The OEIS is one of the oldest sites on the Internet. Notice that it was first created in 1964 -- long before the Internet existed as we know it! Back in the 1960's, users had to submit queries by sending it a primitive form of e-mail. Nowadays, of course, it is web-based like most other sites.

Many of the sequences in Serra's text are entries in the OEIS. Here they are:

1,10,100,1000
180,360,540,720 (Notice the geometrical interpretation -- sum of the angles of an n-gon!)
0,10,21,33,46,60
1,3,6,10,15,21 (triangular numbers)
1,4,9,16,25,36
1,1,2,3,5,8,13
1,3,4,7,11,18 (Lucas numbers, similar to Fibonacci)
1,2,4,8,16,32
1,3,7,15,31,63 (sometimes called Mersenne numbers)
2,6,15,31,56,92 (given by the polynomial that generates these, (n+2)*(2*n^2-n+3)/6)
3,5,11,29,83,245
0,3,8,15,24,35
3,12,48,192,768 (there are some signed sequences in the database, but here the signs were ignored)
1,2,5,14,41,122

In fact, the only sequences I didn't enter were the ones containing letters or fractions, since this is in fact an integer sequence database.

Here's a sequence related to one of the lists of dead presidents that I entered:

1,2,5,10,20,50

Finally, here are the answers to the bonus questions:

18,46,94,63,52,61 (but I really did figure this one out before entering it into the OEIS)
4,8,61,221,244,884 (too hard for me, no problem for OEIS)
2,3,6,1,8,6,8 (too hard for me, no problem for OEIS)

The last sequence did stump the OEIS, however. Neither one of us figured out the sequence:

6,8,5,10,3,14,1, ...

Maybe you can figure it out, then try submitting it to the OEIS! Unfortunately, the OEIS has been swamped with submissions for months. Still, you can see why I enjoy the OEIS as a handy resource for integer sequences.

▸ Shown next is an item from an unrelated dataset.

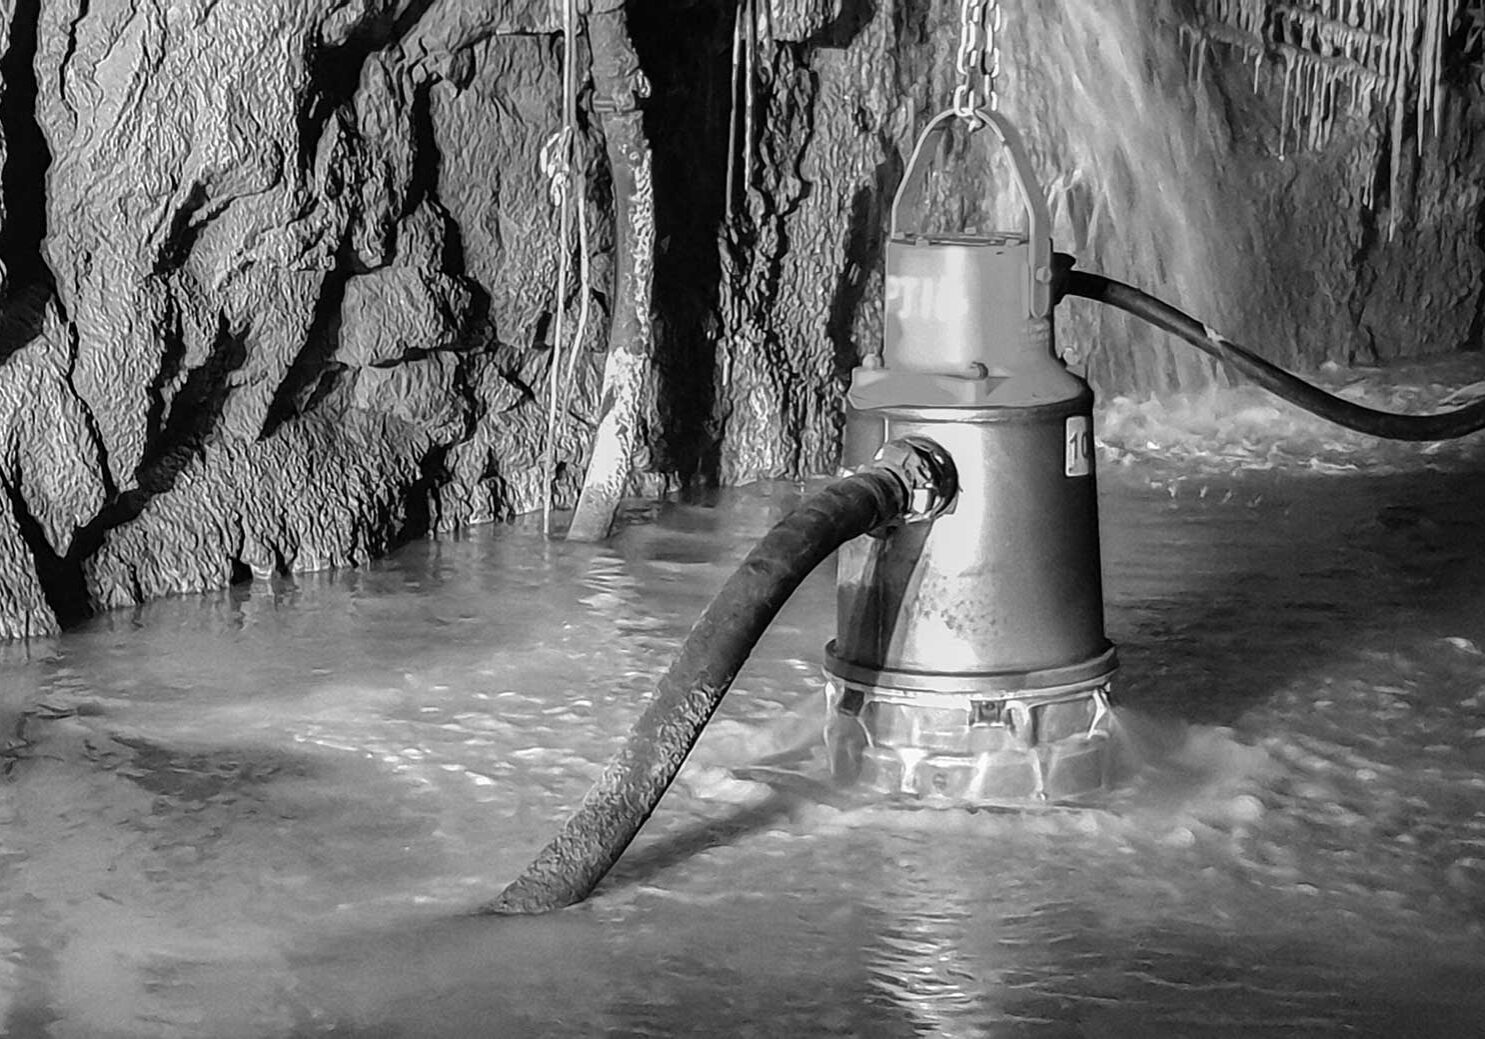 An underground mine dewatering pump pumping water while semi-submersed in an underground mine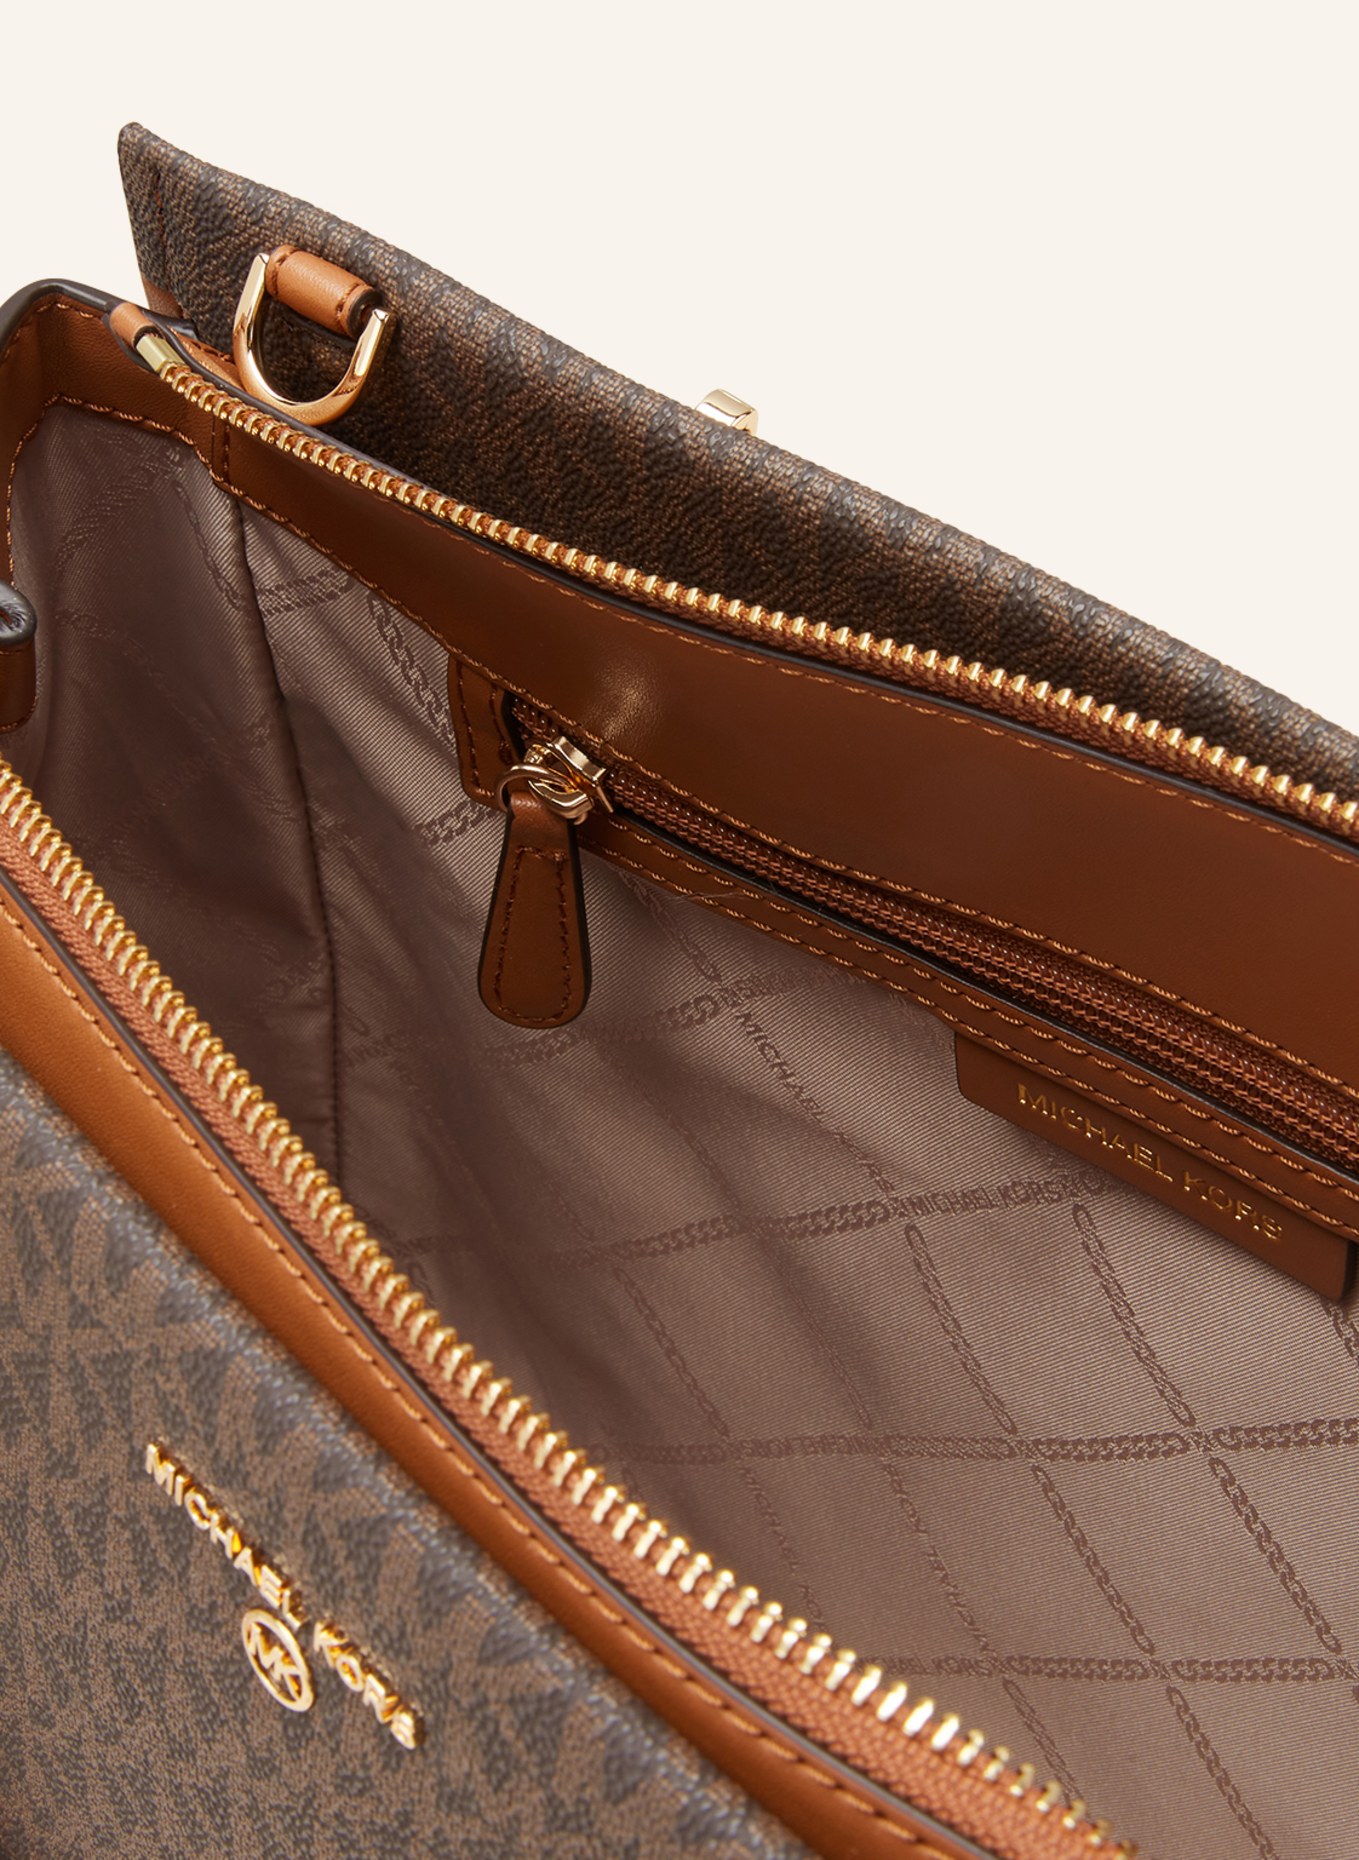 MICHAEL KORS Handtasche MARILYN MEDIUM, Farbe: 252 BRN/ACORN (Bild 3)

Let me wrap up this post by reminding you, the readers, that all of these problems come from my own version of Serra's text -- the first edition. My copy of the U of Chicago text is also the first edition. I only know about the contents of the newer editions by reading other websites such as the following link to a Minnesota classroom:

https://sites.google.com/a/apps.edina.k12.mn.us/mr-nelson-s-math-classroom/student-links/sylabus-for-course-2

Assuming that each bullet point corresponds to a chapter, we see that the biggest difference between the old and new versions of the U of Chicago text is that the old version delays translations and rotations to Chapter 6, while the new gives all of the isometries in Chapter 4. I observe that the new Chapter 5 is called "Congruence Proofs" -- but I wonder what figures the text is proving congruent and how, considering that "Congruent Triangles" isn't until Chapter 7 (just as in the old text). Indirect proofs have been moved up from Chapter 13 to Chapter 11, with the new Chapter 13 being about circles -- the old Chapter 15. Trigonometry -- the old Chapter 14 -- has been dropped altogether.

I hope you enjoyed today's activity. Now you have three choices as to what to cover the first week of school -- and one can cover one, two, or all three activities during the first week.